Effects of the Invention
[0032] A processor performance analysis device according to an
aspect of the present invention can evaluate processor performance
taking into consideration with influences of memory access
operations of functional cores other than processors included in a
system LSI. Further, analysis of performance bottleneck can be
easily performed, which facilitates performance improvement with
modification of software and hardware.
BRIEF DESCRIPTION OF DRAWINGS
[0033] FIG. 1 is a block diagram of a system LSI which includes a
processor performance analysis device according to Embodiment
1.
[0034] FIG. 2 is a flowchart showing operations of the processor
performance analysis device according to Embodiment 1.
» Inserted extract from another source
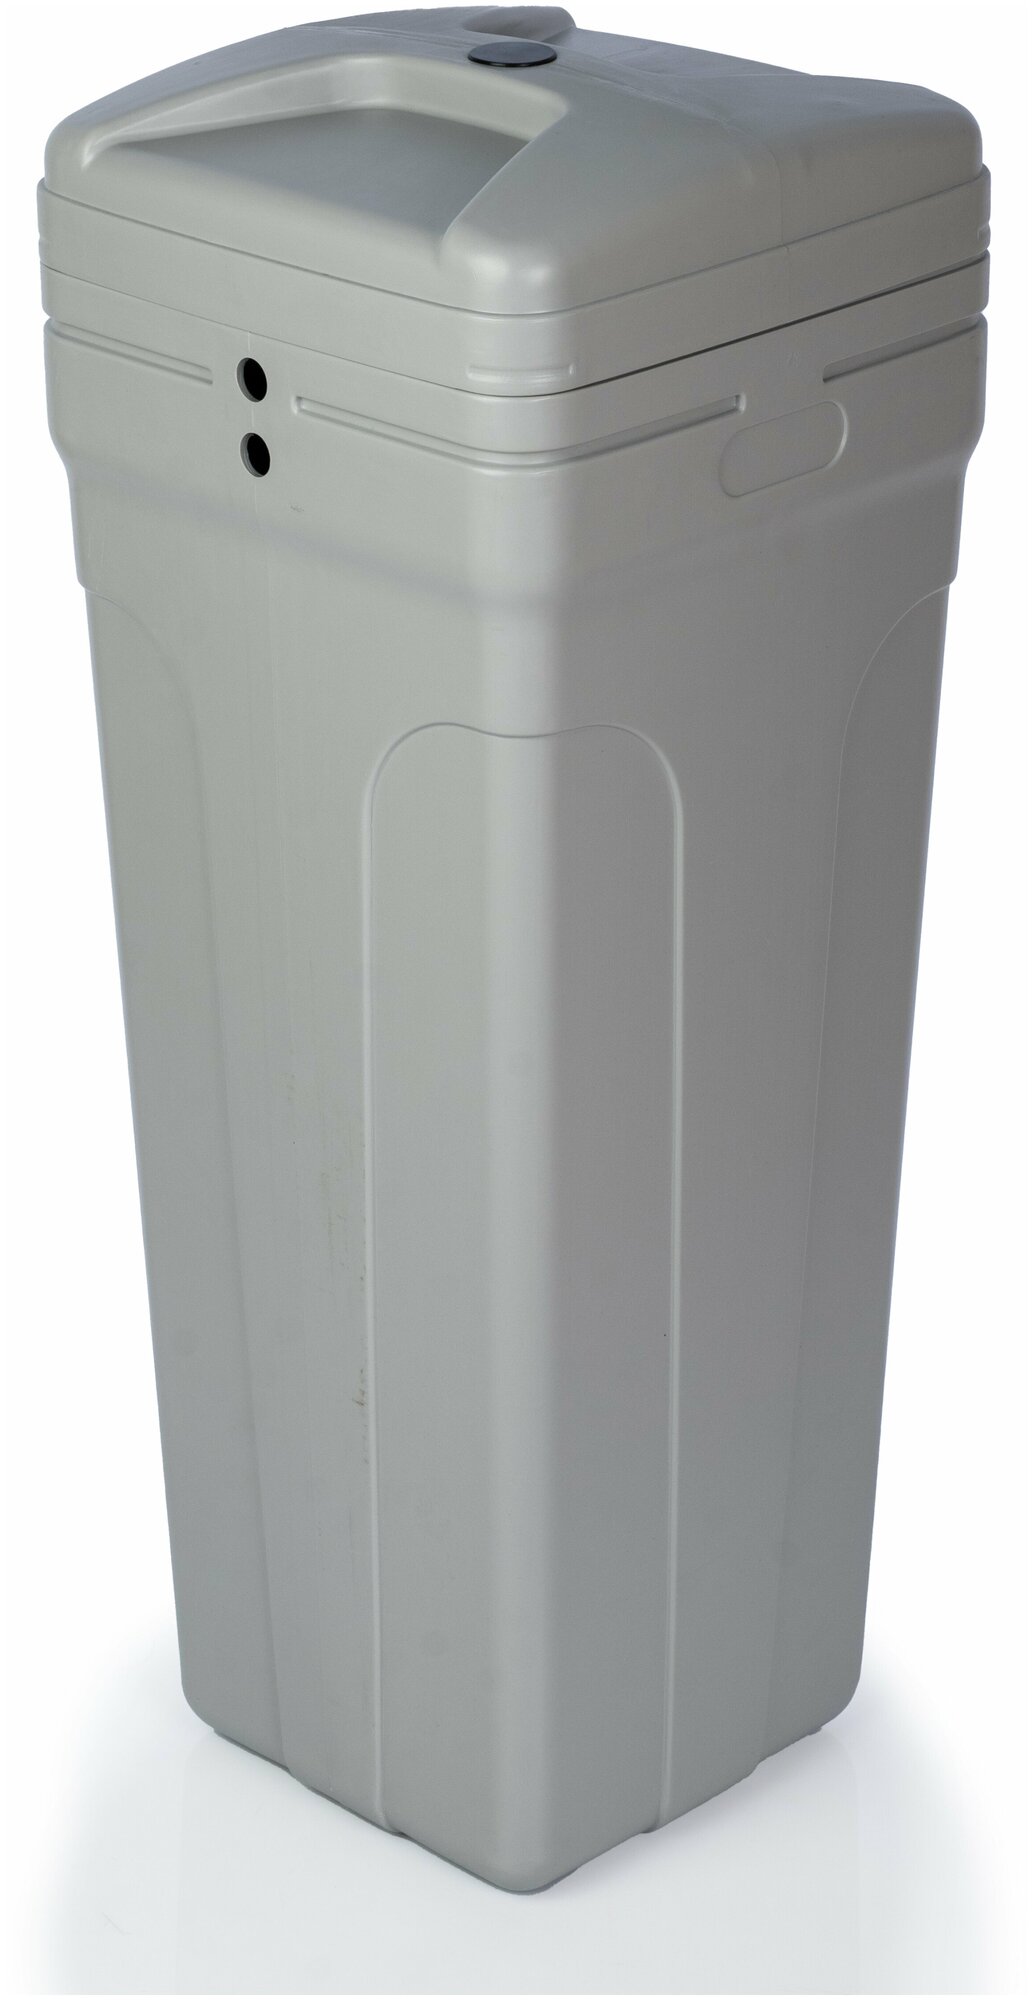 Система очистки воды из скважины Water-Pro AV 1252 RunXin F117Q3 под загрузку 1800 л/ч, фильтр колонного типа, умягчитель воды для дома, 14.5 кг - фотография № 8

[0035] FIG. 3 is a block diagram of a system LSI which includes a
processor performance analysis device according to Embodiment
2.
[0036] FIG. 4 is a flowchart showing operations of the processor
performance analysis device according to Embodiment 2.
[0037] FIG. 5 is a block diagram of a system LSI which includes a
processor performance analysis device according to Embodiment
3.
[0038] FIG. 6 is a flowchart showing operations of the processor
performance analysis device according to Embodiment 3.
[0039] FIG. 7 is a block diagram of a system LSI which includes
multiple multithreaded processors.
[0040] FIG. 8 is a block diagram of a conventional processor
performance analysis device.
NUMERICAL REFERENCES
[0041] 10 System LSI [0042] 11 Multithreaded processor [0043] 12
Functional core [0044] 13 Memory interface [0045] 20, 40 Memory
[0046] 30 Computer [0047] 100, 200, 300 Processor performance
analysis device [0048] 101 Operational information output unit
[0049] 102 Access attribute information output unit [0050] 103
Access information output unit [0051] 104, 204, 304 Analysis
information output unit [0052] 201 Trigger output unit [0053] 301
IO bus access attribute information output unit [0054] 401
Instruction unit [0055] 402 Arithmetic unit [0056] 403 Primary
cache unit [0057] 404 Secondary cache unit [0058] 405 Secondary
cache [0059] 406 External access unit
BEST MODE FOR CARRYING OUT THE INVENTION
[0060] Hereinafter, embodiments of the present invention are
described with reference to the drawings.
Embodiment 1
[0061] First, a configuration of a system LSI which includes a
processor performance analysis device according to the present
embodiment is described.
[0062] FIG. 1 is a block diagram of a system LSI which includes a
processor performance analysis device according to the present
embodiment. A system LSI 10 includes a multithreaded processor 11,
functional cores 12, and a memory interface 13.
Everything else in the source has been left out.